The operation of Gresham's Law has frequently been

demonstrated also by the disappearance of coin as the result of the circulation of depreciated paper money. During the Civil War both the Federal and Confederate governments issued treasury notes to circulate as money. Such quantities were issued that they depreciated rapidly in value. Gold and silver coins disappeared from circulation because people could melt them down and exchange the bullion for these notes at their depreciated value. This process netted a substantial gain, since a dollar note would buy as many things as a silver or a gold dollar. These depreciated legal tenders thus became not only the sole medium of exchange, but also the standard of value, all prices being quoted in legal tenders instead of gold. Prices still depended, however, upon the value of gold. The value of the notes themselves, that is, what people were willing to pay for them, was quoted in terms of gold.

15. Advantages claimed for bimetallism.-The advocates of bimetallism claim for it various advantages, of which the most important, perhaps, is the greater stability of value of a double standard. They claim that since gold and silver are produced under different conditions and are used for different purposes, fluctuations in their respective values are as apt to be in opposite directions as in the same direction; that gold may be cheapening while silver is enhancing in value, and that these movements in opposite directions tend to keep the two metals from varying greatly from the legal ratio. It is undoubtedly true that the relative values of gold and silver under a double standard tend toward the established ratio. If gold is overvalued it is attracted to the mint and less of it is offered on the market, with the result that its value tends to rise. On the other hand, if it is undervalued it will be melted down to be sold as bullion on the market, and the increase there would tend to lower its value. Thus, says the bimetallist, any tendency of gold either to rise or fall in value would be automatically checked. As pointed out by Dr. Scott, "The weakness of this argument is the assumption involved of the unlimited interchangeability of gold and silver coins

for monetary purposes."1 Gold is best suited for coins of high denominations and silver for small denominations, and neither can well take the place of the other. Without this interchangeability of the coins the "compensatory action" of bimetallism would fail to work. As a result there would be a frequent change of the standard of value from one metal to the other, debtors choosing the cheaper one as the basis for payments, and prices would be quoted in that metal. "Instead of ridding us of the evils of a fluctuating standard, therefore, bimetallism would substitute one kind of fluctuation for another, namely, that involved in changing from a dearer to a cheaper standard for that involved in changes in the value of gold." Finally, it should be noted that even if the values of gold and silver could be maintained at a fixed ratio to each other, it would not solve the problem of a stable standard of deferred payment. Though thus tied together they would not always maintain the same exchange relations and the same level of prices with all other commodities, the cost of which is constantly changing.

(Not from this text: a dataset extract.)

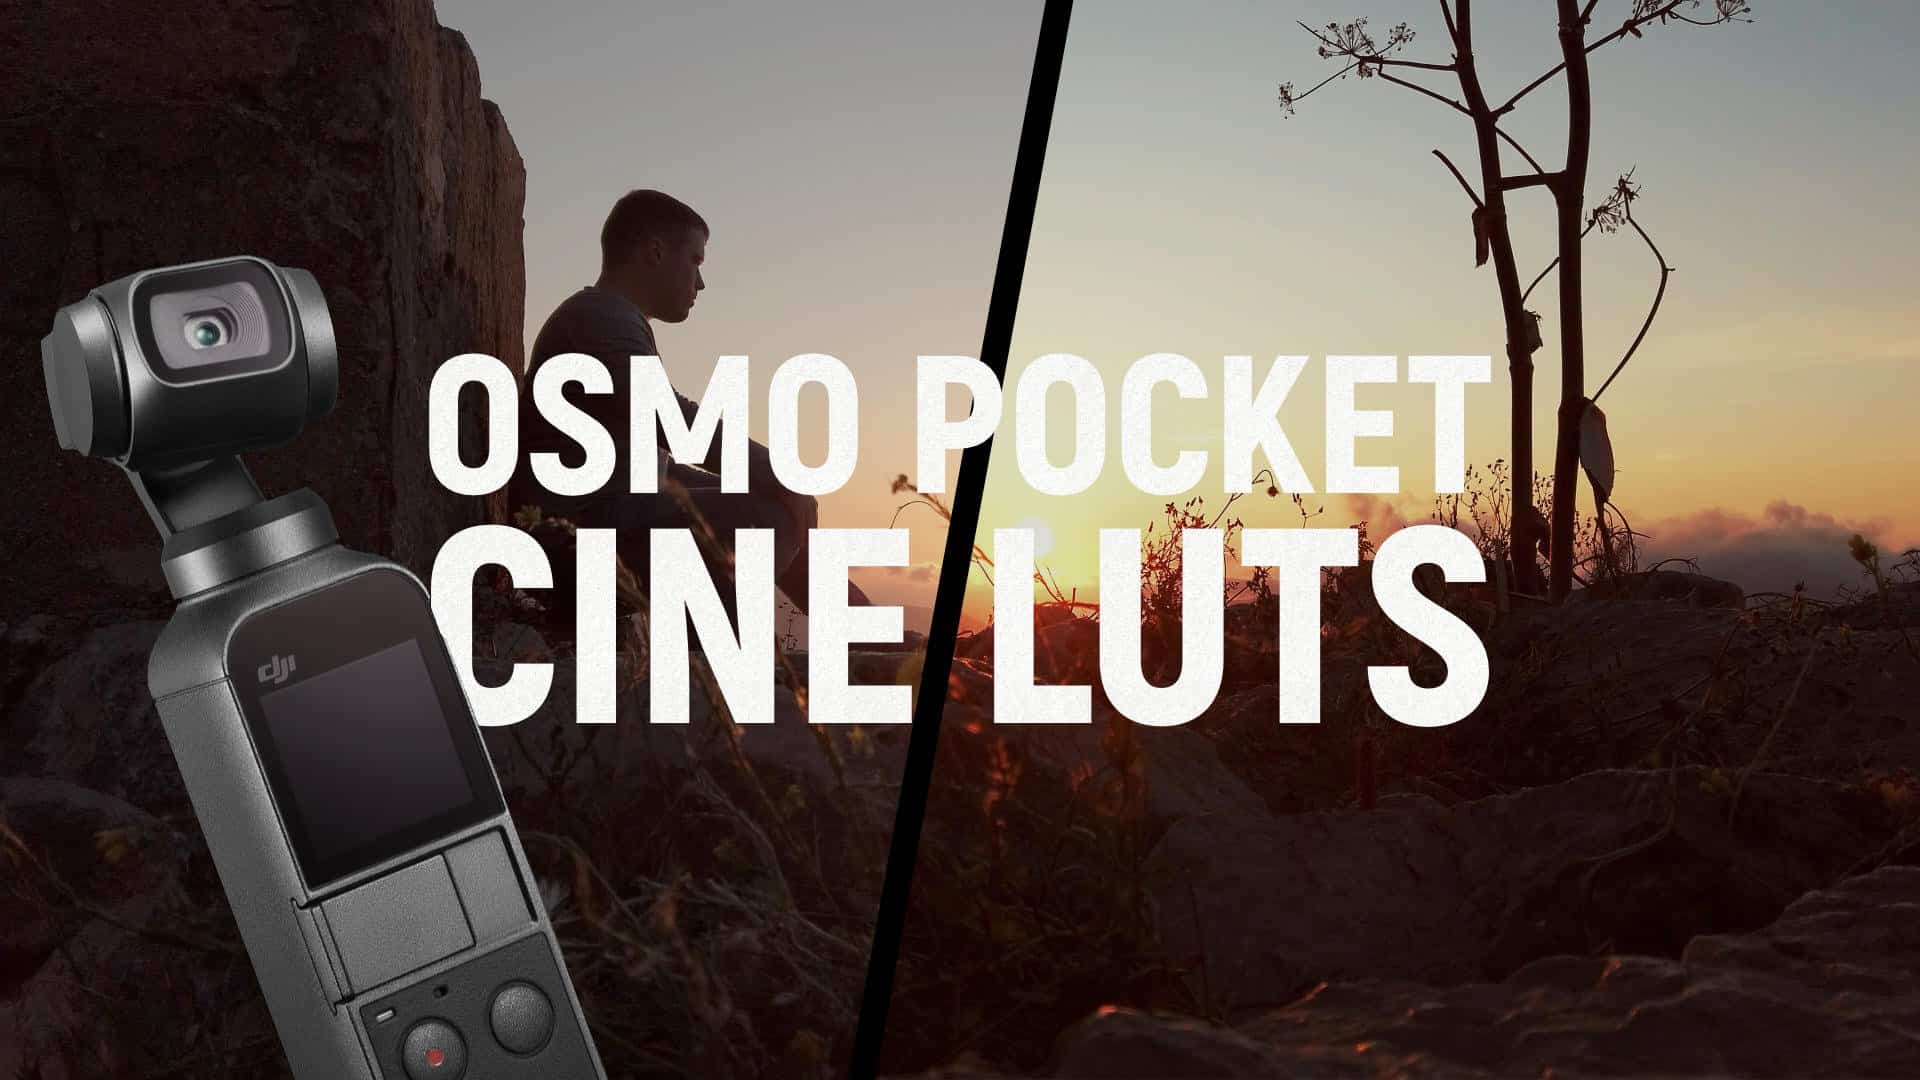 Osmo Pocket Cine LUTs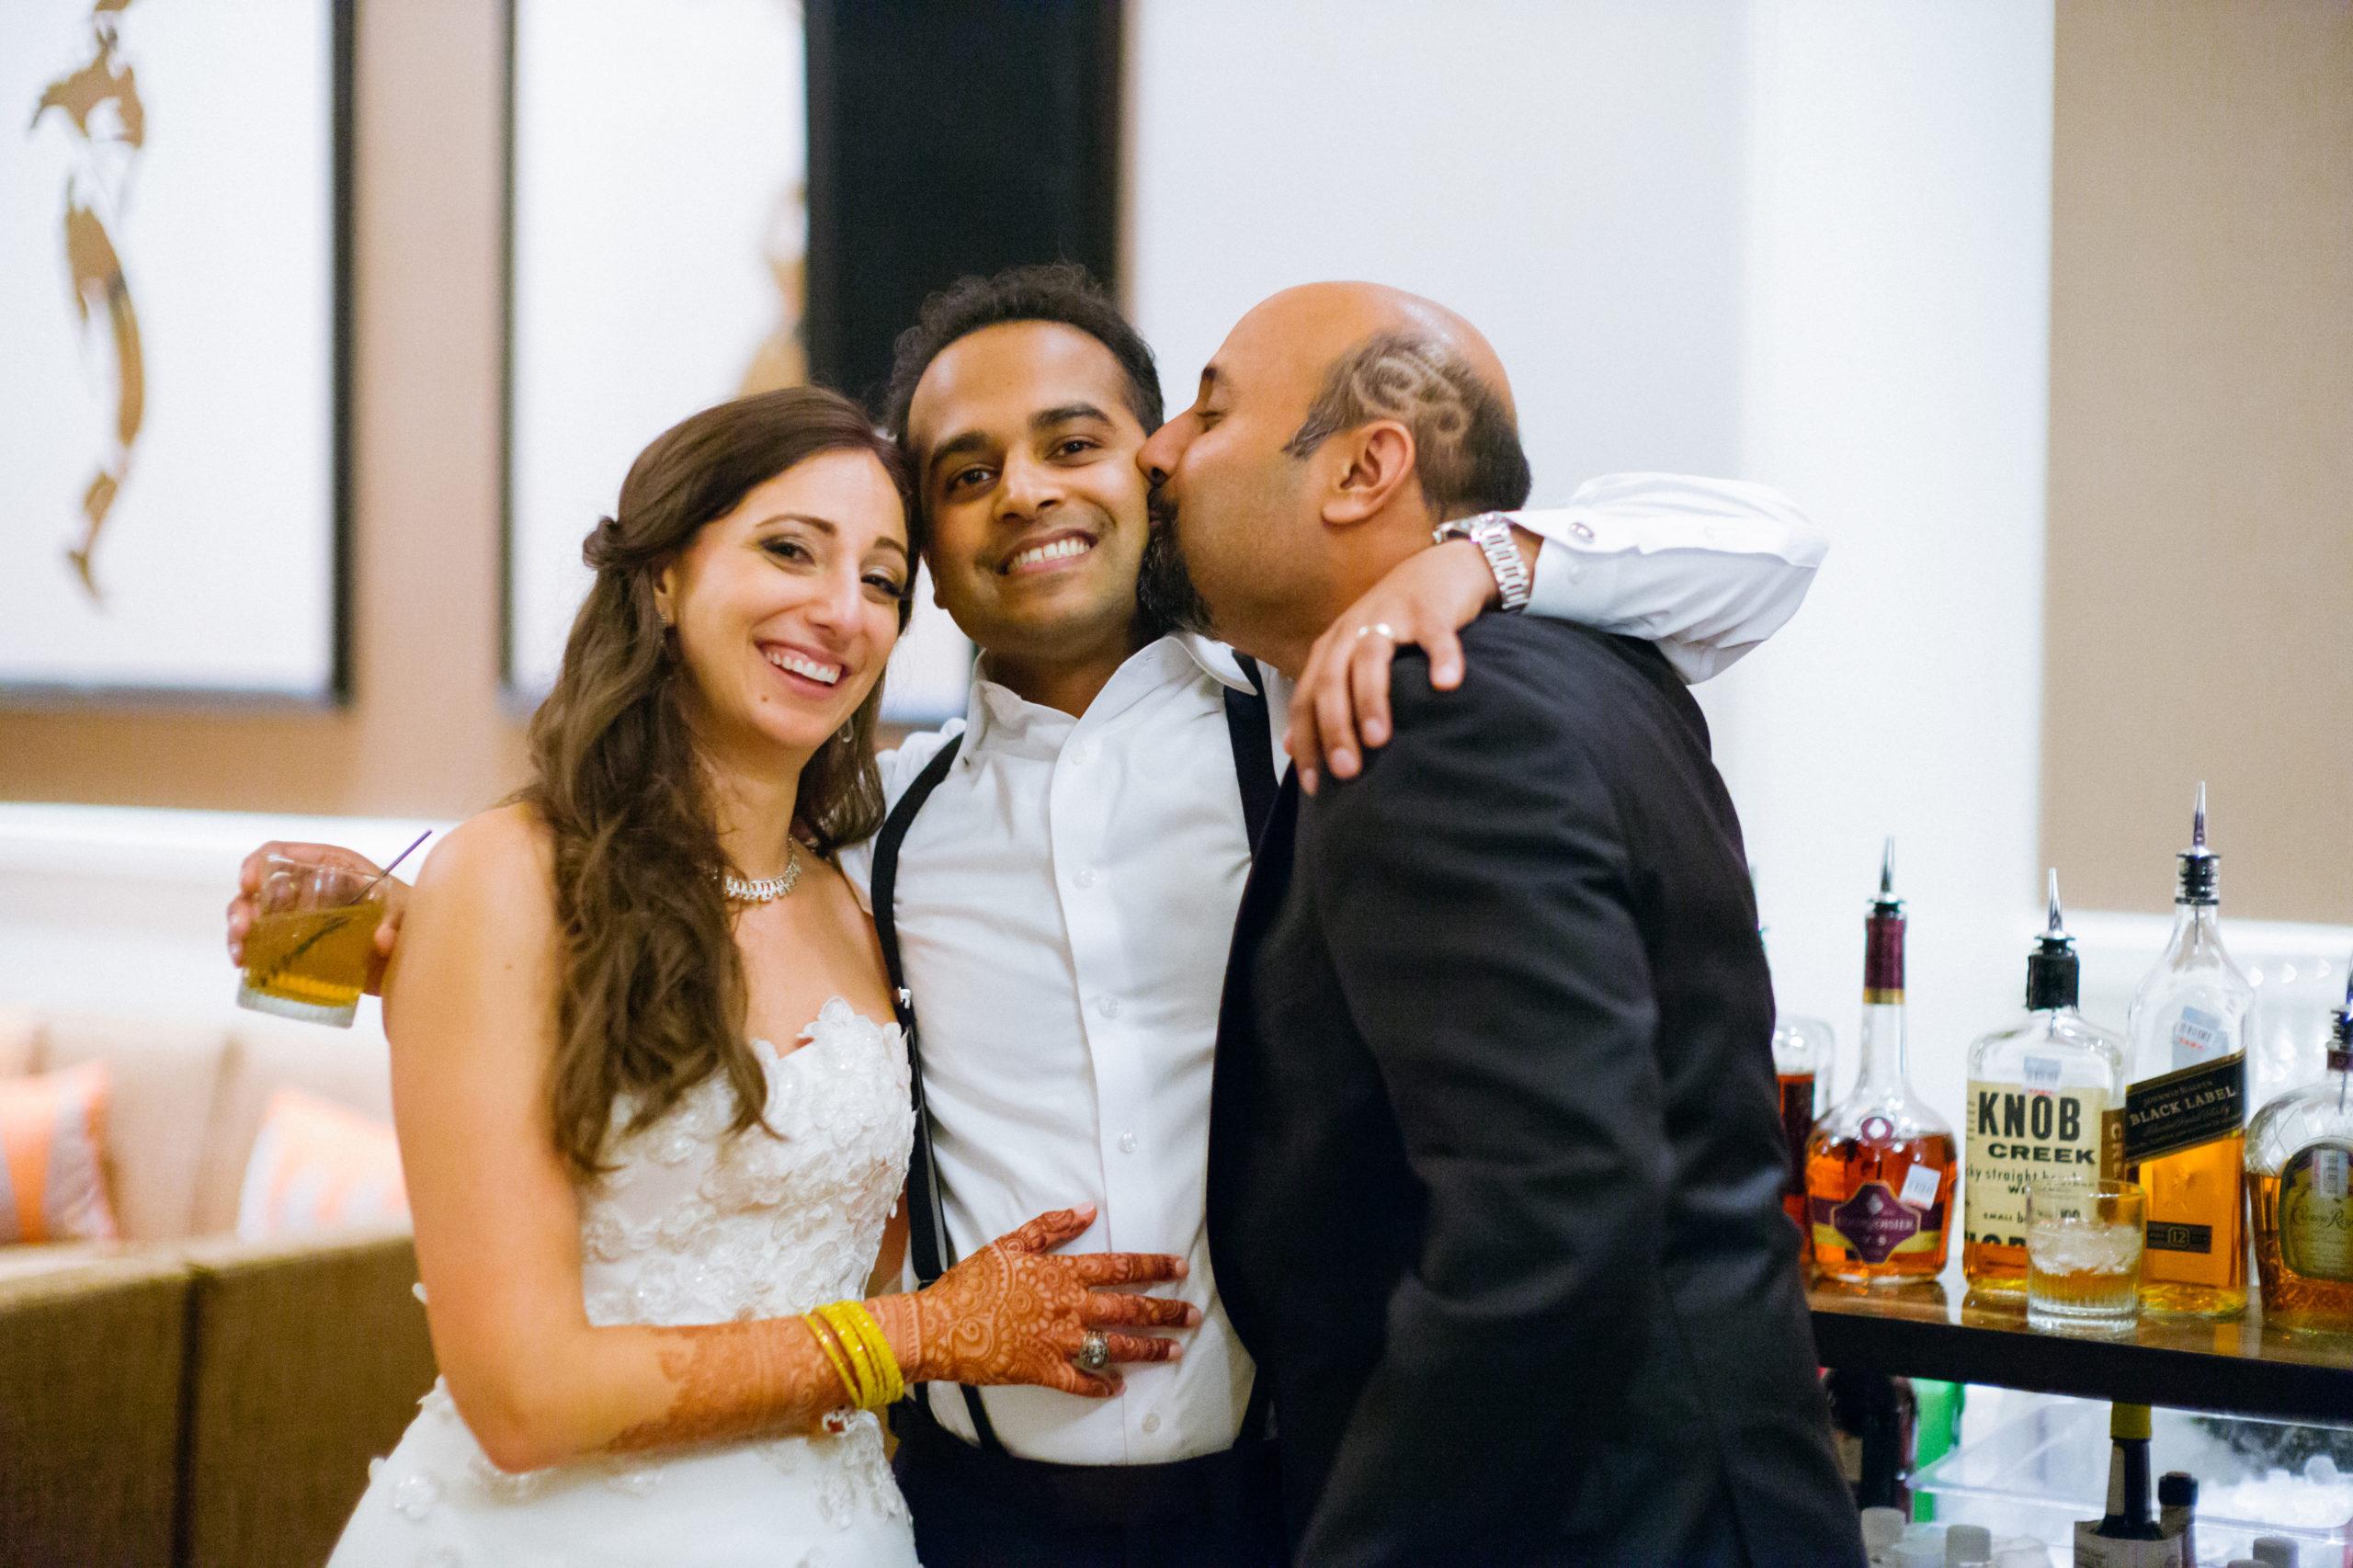 Friends gather in photo Hindu Jewish fusion wedding Sugar Land Marriott Hotel Texas-101

Despite some more or less successful experiences with bimetallism, notably the experience of France in the last century, it is now generally conceded that no nation could independently maintain the double standard under existing conditions of a large and fluctuating production of gold and silver and of an enormous international trade. From time to time conferences have been held to discuss the establishment of international bimetallism, that is, the adoption by the leading nations of the double standard at a ratio determined by international agreement. The possibility of maintaining an actual bimetallic system, even if it could be agreed upon by the leading nations, has always been open to doubt. The extraordinary increase in the production of gold in recent years has set at rest, for the present at least, the double standard controversy.

England was one of the first countries to reach the conclusion that gold and silver cannot be kept in current cir1 Scott: Money, p. 85.